Staging's determinants in early intervention youth: a retrospective study

Encephale. 2023 Nov 18:S0013-7006(23)00179-3. doi: 10.1016/j.encep.2023.08.015. Online ahead of print.

Abstract

Objectives: Since 2019 our early intervention unit has assessed help-seekers, mainly referred by psychiatric departments, and we have conducted a descriptive retrospective study. Our objective was to identify clinical determinants associated to staging at assessment for our three groups: "no psychosis", "ultra-high risk" and "first episode psychosis".

Methods: One hundred and thirteen participants (mean age 20.05±3.28) were enrolled, mainly referred by adult psychiatry (81.4%). We tested the association of each group with the following determinants: age, gender, family history of psychosis, referral (adolescent or adult psychiatry), cognitive, depressive complaint, cannabis active consumption, and current activity (scholar or employment).
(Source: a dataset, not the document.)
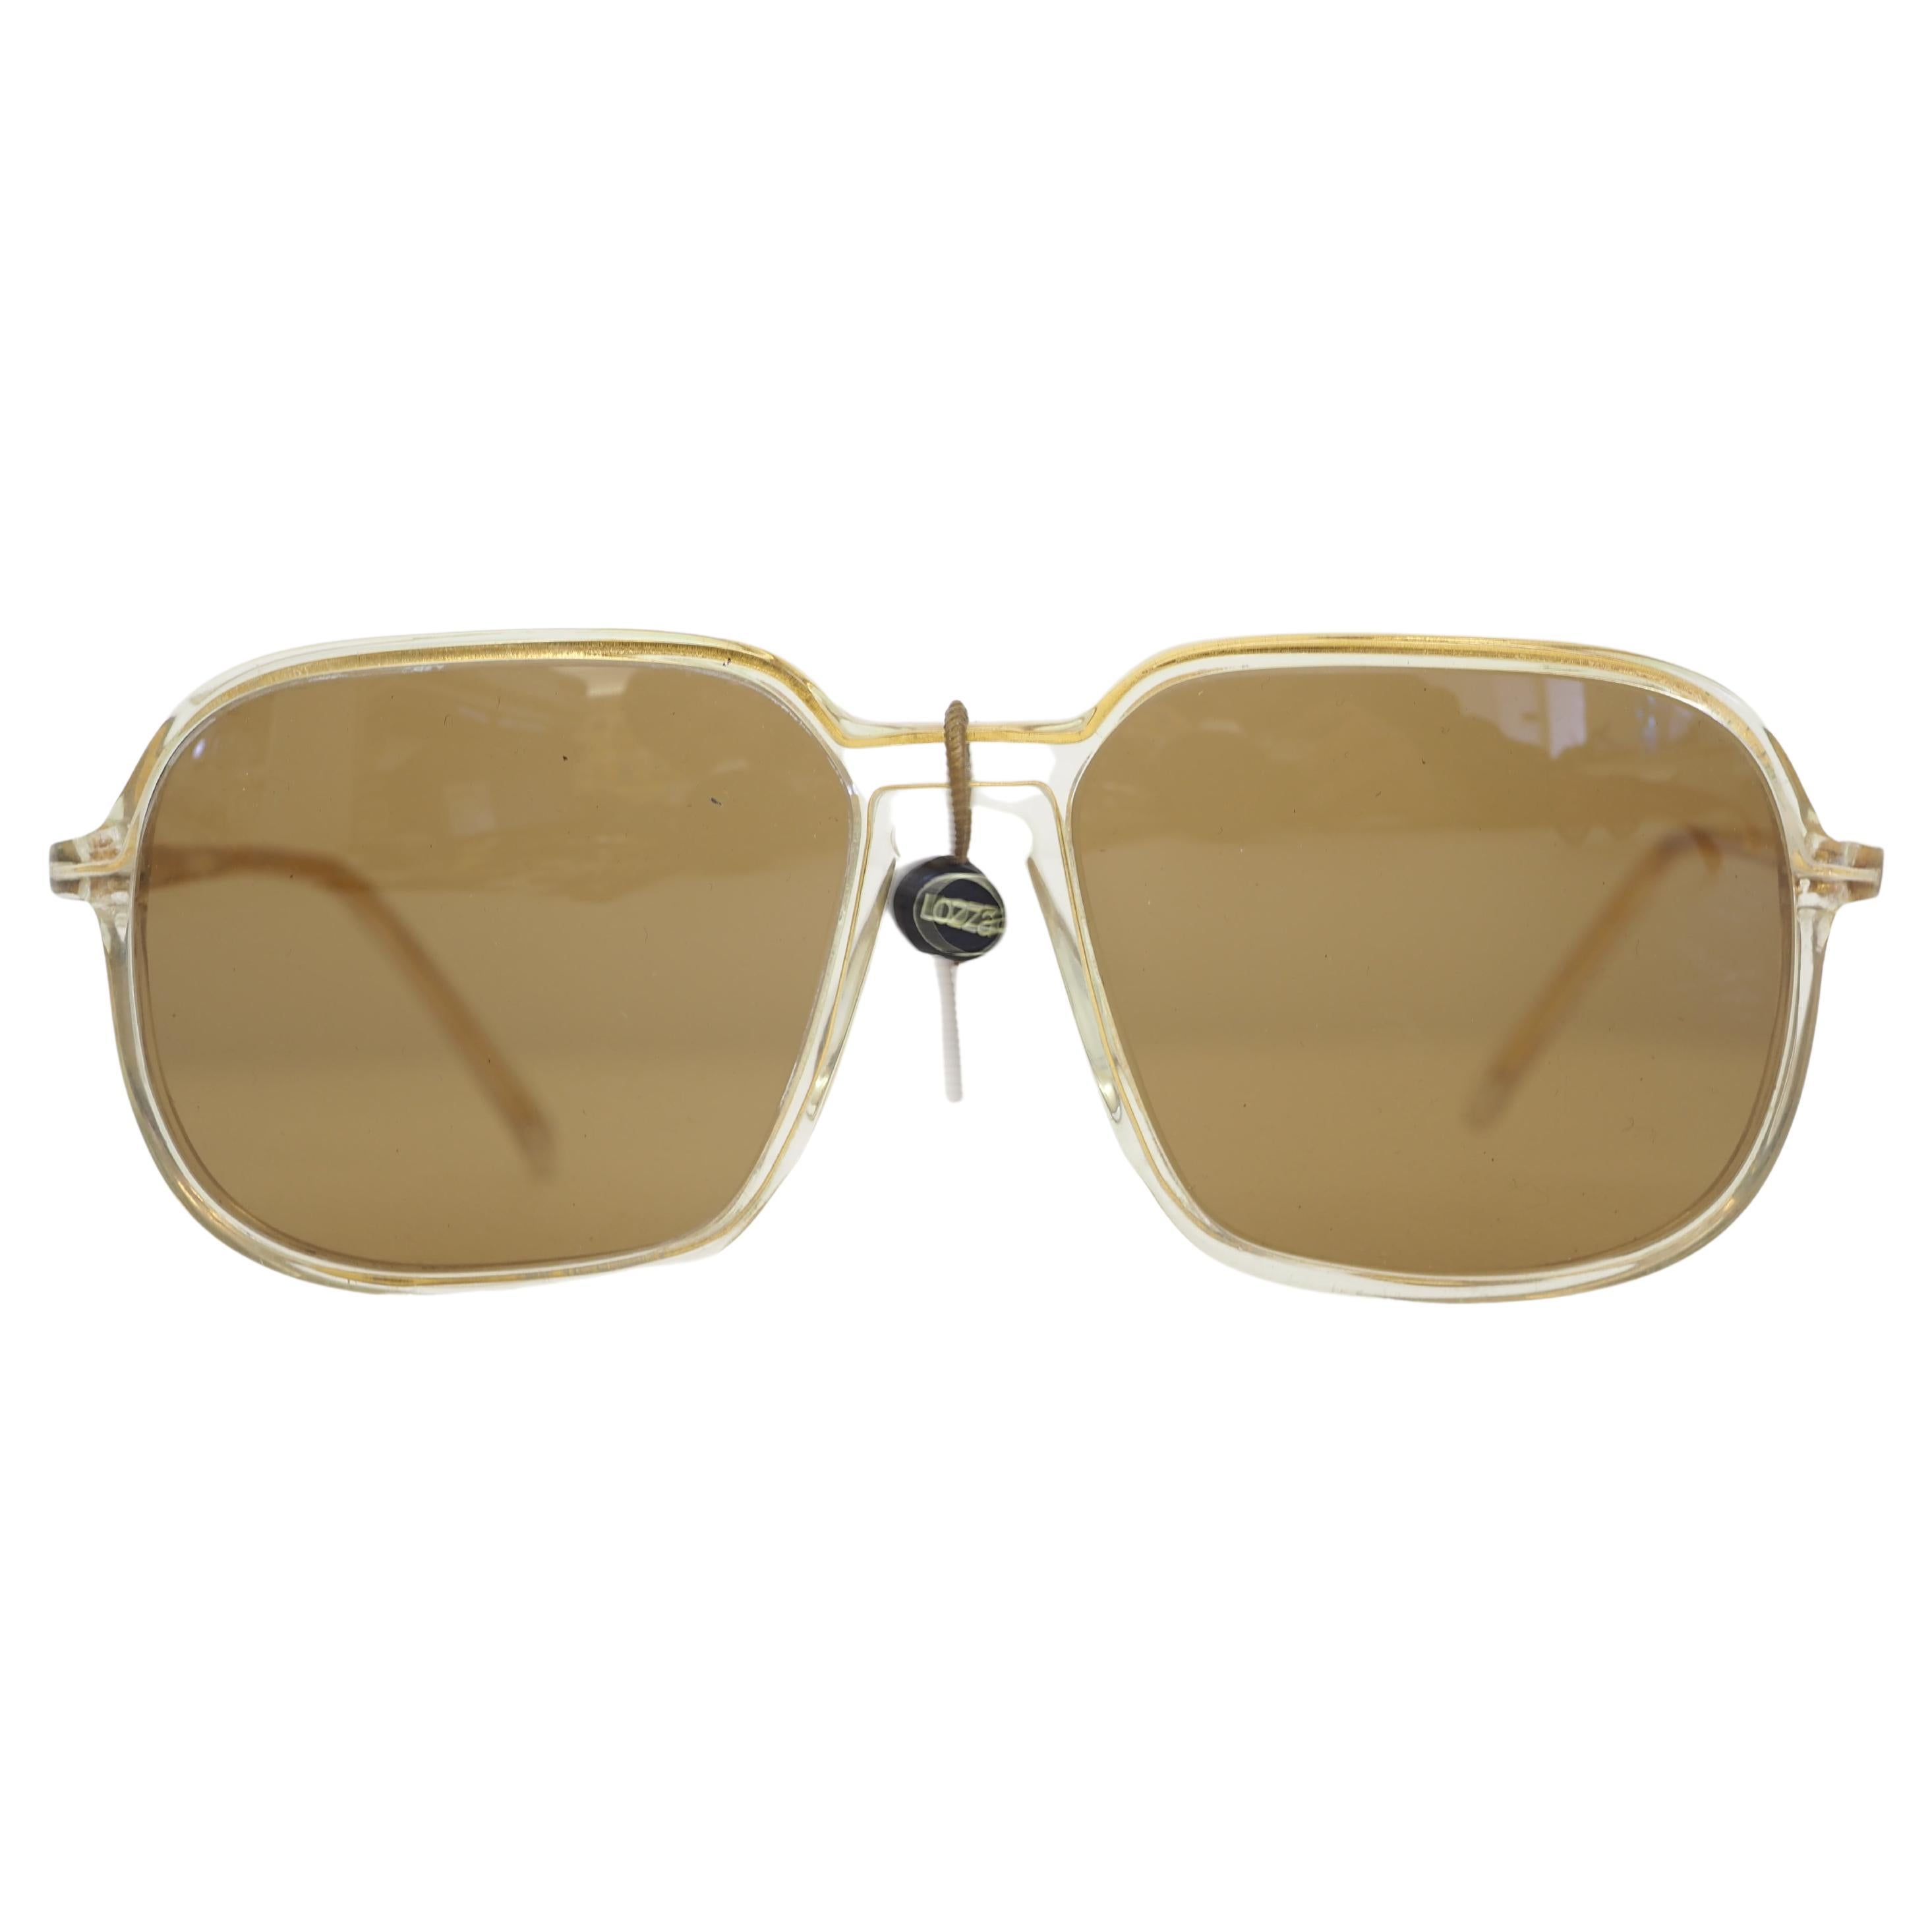 1990s Lozza vintage sunglasses
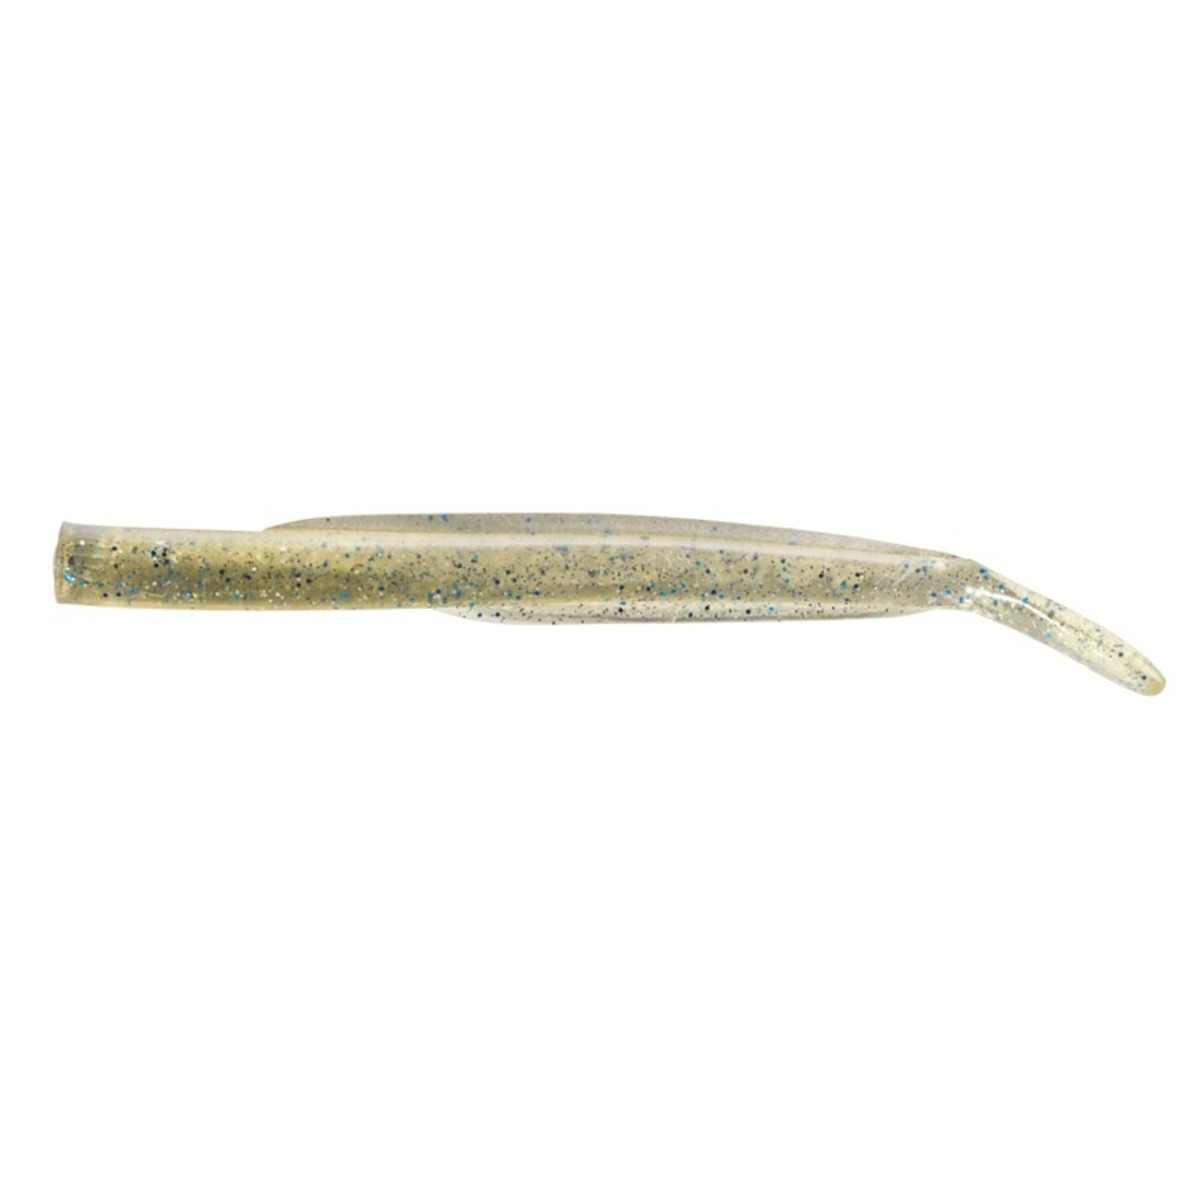 Berkley Prerigged Eels - 15 cm - 15 g (jig head) - Sparkle Pearl

Results: Multivariate analyses showed significant association with depressive symptoms (P=0.019) but an absence of family history of psychosis (P=0.002) or current activity (P=0.09) for "no psychosis" group. "Ultra-high risk" was significantly correlated with a family history of psychosis (P=0.001) and adolescent psychiatry referral (P=0.044) but an absence of depressive complaint (P=0.04). As for "first episode psychosis", we found significant cognitive complaint (P=0.026), family history (P=0.024) and current activity (0.026).

Conclusions: As all our participants were seen in tertiary care, adolescent psychiatrists were more efficient in detecting a high-risk state. "No psychosis" help-seekers presented in fact mood issues, which have been confused with attenuated psychotic symptoms by their addressers, who have probably been misled by their absence of activity integration. High-risk and characterized psychotic episodes were logically correlated with family history. Surprisingly, "first episode psychosis" youth were currently integrated in scholarly or professional life despite an active cognitive complaint. Robust studies, especially prospective cohorts, are needed to test these associations.

Keywords: Activité maintenue; Adressage; Early intervention; First episode psychosis; Intervention précoce; Maintained activity; Premier épisode psychotique; Referral; Ultra-high risk; État mental à risque.